» **WORK ITEM**: Please print, exactly, only the lines in the entries below from the line that has "FAFSA Changes in December" through the line that has "Pastel Yellow Daffodil". Pictures don't go in.

[SOURCE INFORMATION — start]

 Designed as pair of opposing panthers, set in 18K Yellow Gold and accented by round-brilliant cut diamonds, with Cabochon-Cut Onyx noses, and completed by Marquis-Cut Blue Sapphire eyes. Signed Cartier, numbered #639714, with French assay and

[SOURCE INFORMATION — finish]
[SOURCE INFORMATION — start]

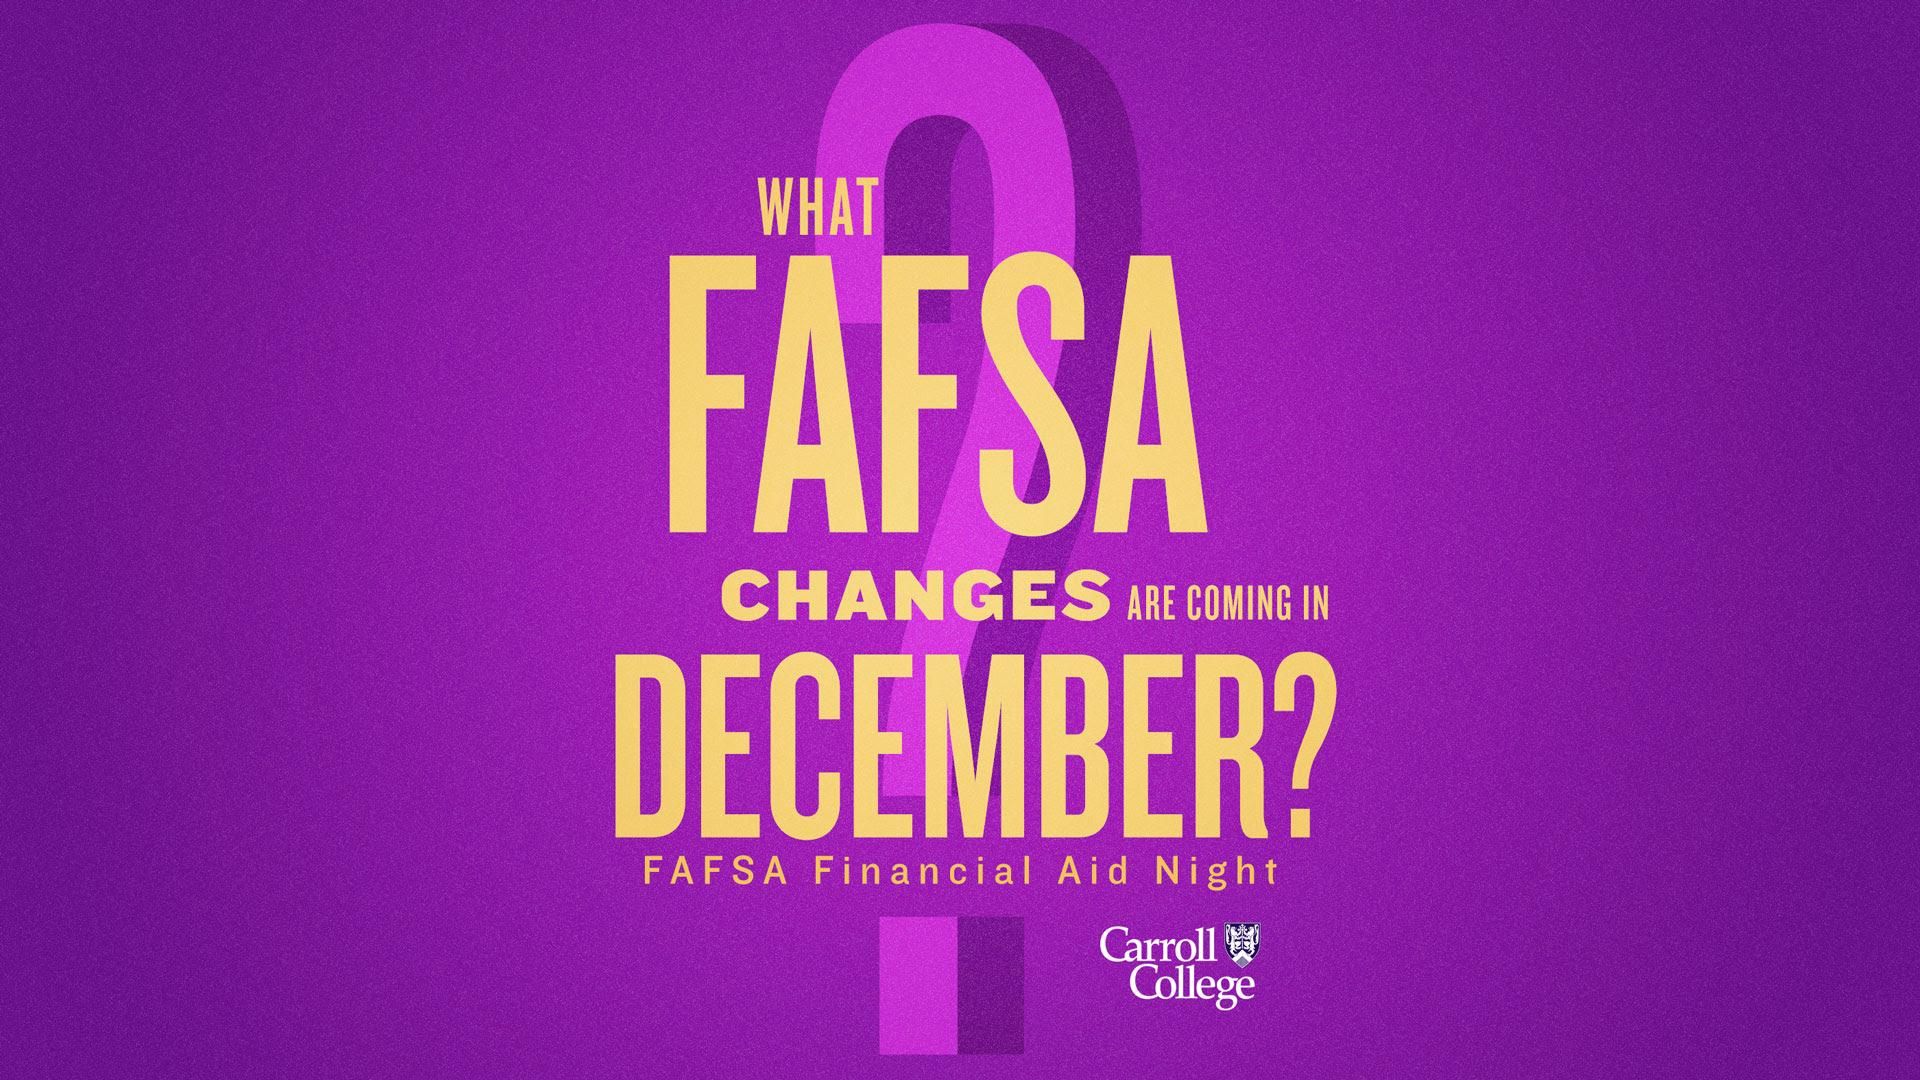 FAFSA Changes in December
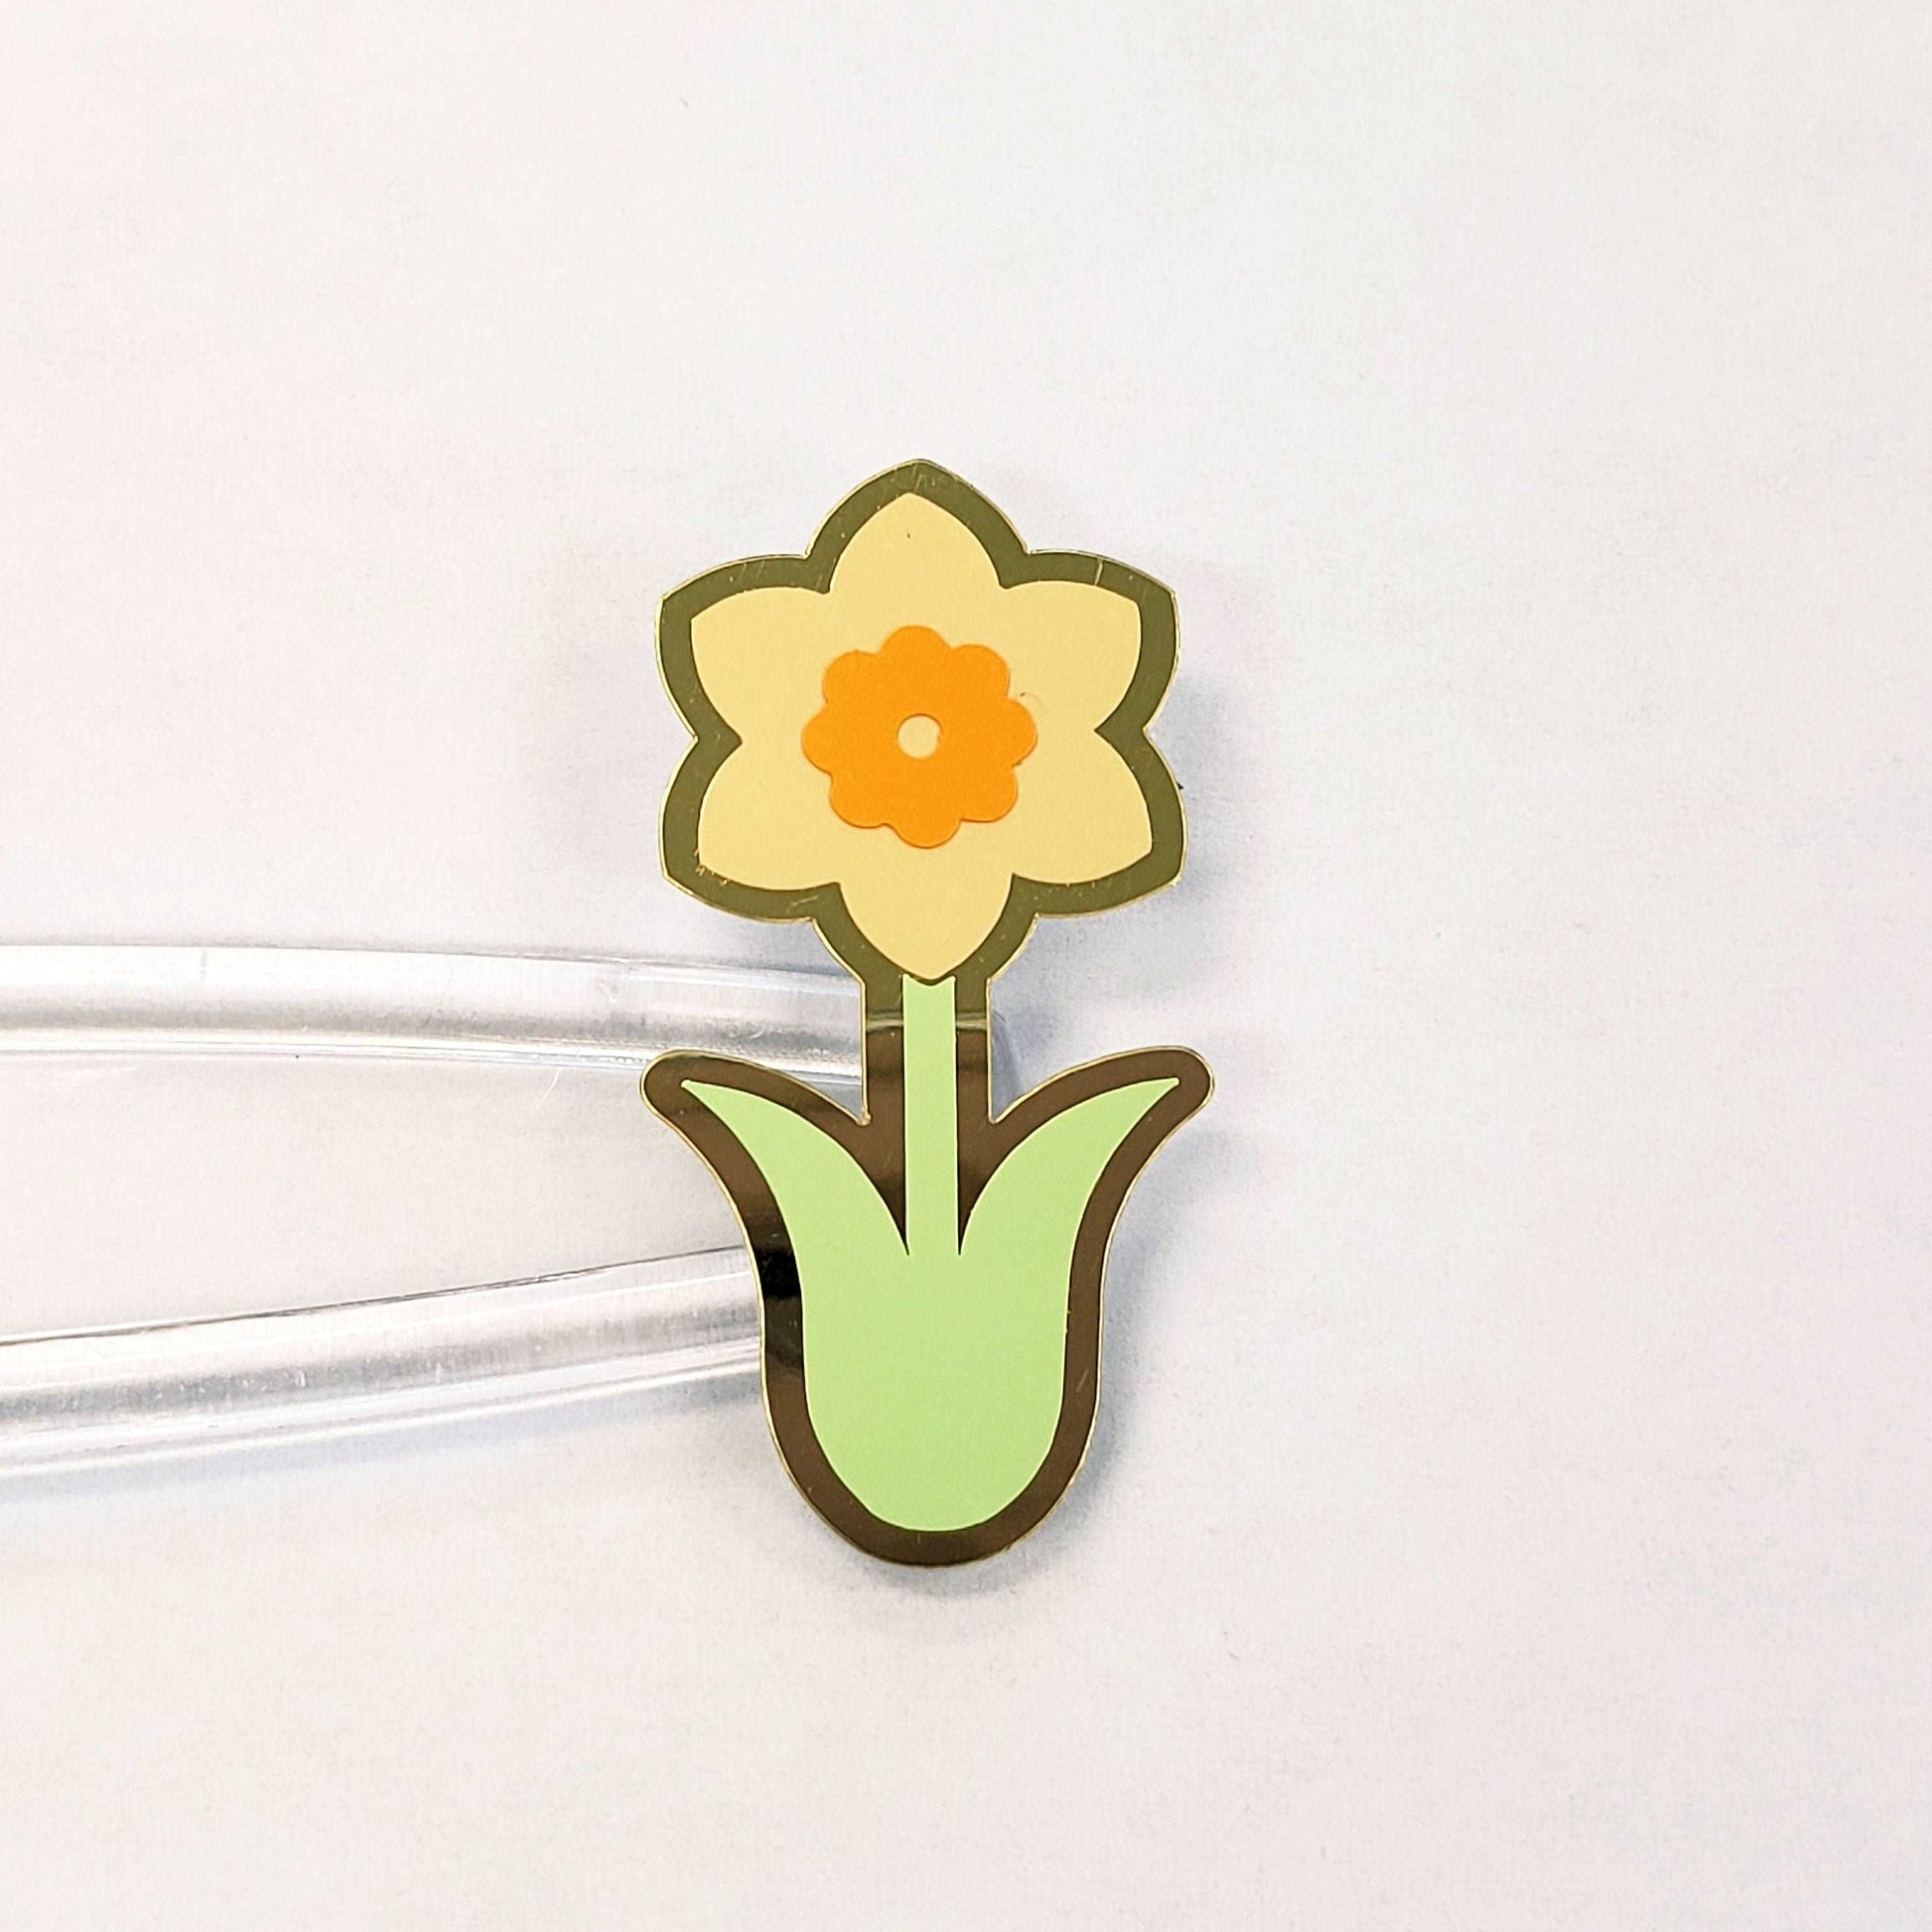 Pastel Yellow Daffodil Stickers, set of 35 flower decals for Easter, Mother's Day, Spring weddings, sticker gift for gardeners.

[SOURCE INFORMATION — finish]

» **RESPONSE FOR THIS EXERCISE**:
 FAFSA Changes in December
 Pastel Yellow Daffodil Stickers, set of 35 flower decals for Easter, Mother's Day, Spring weddings, sticker gift for gardeners.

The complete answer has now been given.